Walt Disney (DIS) is a benchmark component of the Dow Jones Industrial Average (INDU) , but that does not mean that the stock should be considered as a long-term portfolio holding. Disney has experienced extreme volatility in reaction to earnings since August 2015, and shares remain in bear market territory.
Disney is down 10.2% year to date, but the stock will not qualify as one of the "Dogs of the Dow" for 2017. Disney has a dividend yield of just 1.65%; by my definition, to be a member of the Dog pound the dividend yield must be at least 3%.
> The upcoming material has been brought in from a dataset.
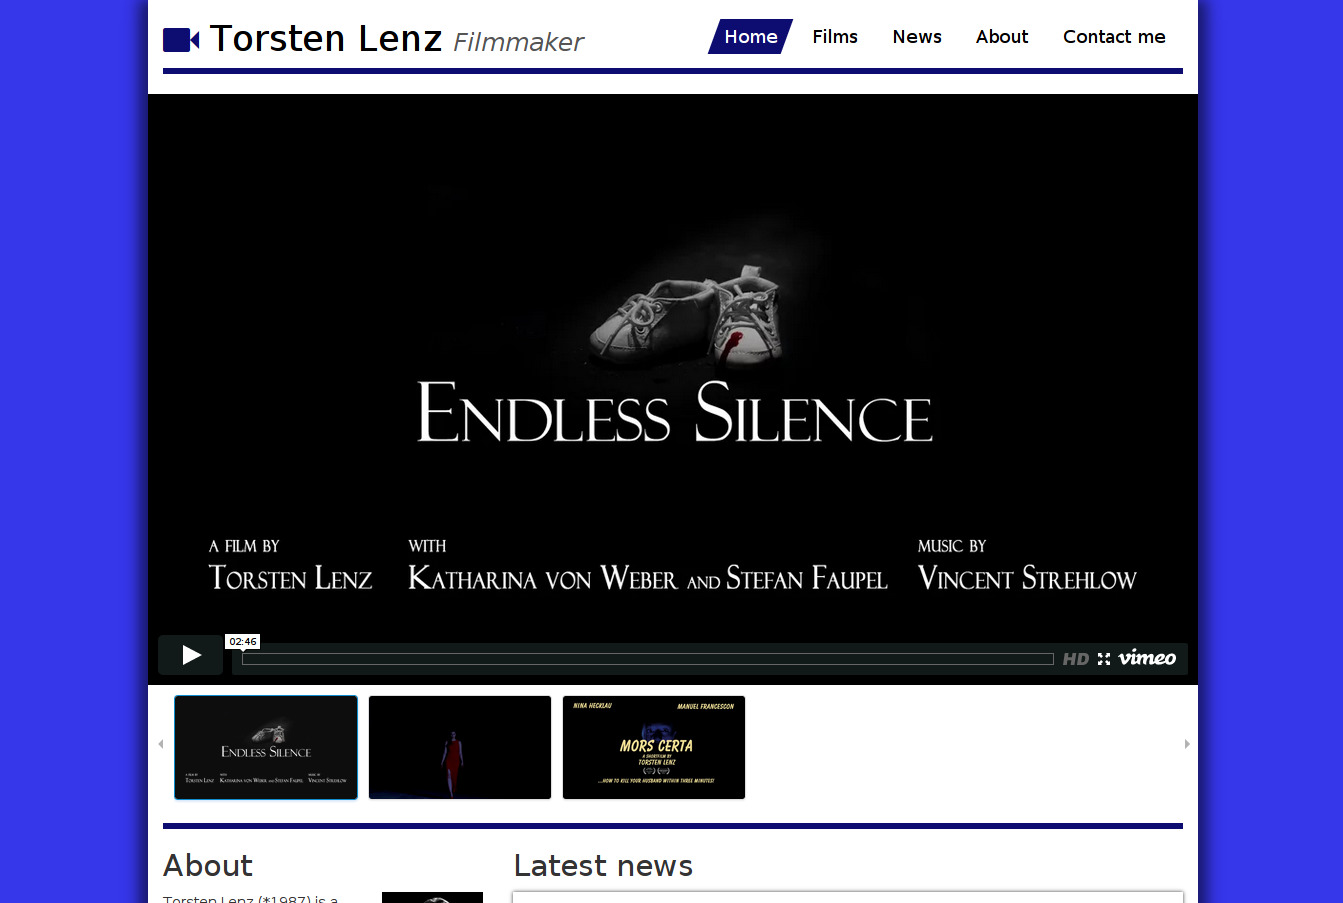 Webseite von Filmemacher Torsten Lenz: Startseite mit Videoplayer

Disney is expected to report third-quarter earnings of $1.15 a share after the closing bell on Thursday. For this media giant, it's all about monetizing brand-named content. A drag since August 2015 has been the loss of subscribers at sports network ESPN. It seems logical that the company can win back shareholders by increasing the dividend.
Here's the daily chart for Disney.
Courtesy of MetaStock Xenith
Disney closed Tuesday at $94.38, down 10.2% year to date, and in bear market territory 22.7% below its all-time intraday high of $122.08 set on Aug. 4, 2015. The stock is 9.4% above its Feb. 10 low of $86.25.
The stock is below a "death cross" since Jan. 20, which occurs when the 50-day simple moving average declines below the 200-day simple moving average, and indicates that falling prices lie ahead. Also, it means traders should sell into strength to the 200-day simple moving average, which was tested at $104.90 on April 26.
The daily chart shows the Fibonacci retracement levels of the decline from the Aug. 4, 2015 high to the February 10 low.
The stock traded as high as $106.75 when the company reported earnings on May 10. The stock gapped lower on May 11 below the 50% retracement of $104.14. The stock continued lower and the 38.2% retracement became a magnet at $99.92 between May 16 and July 19. In-between was a test of the 23.6% retracement of $94.69.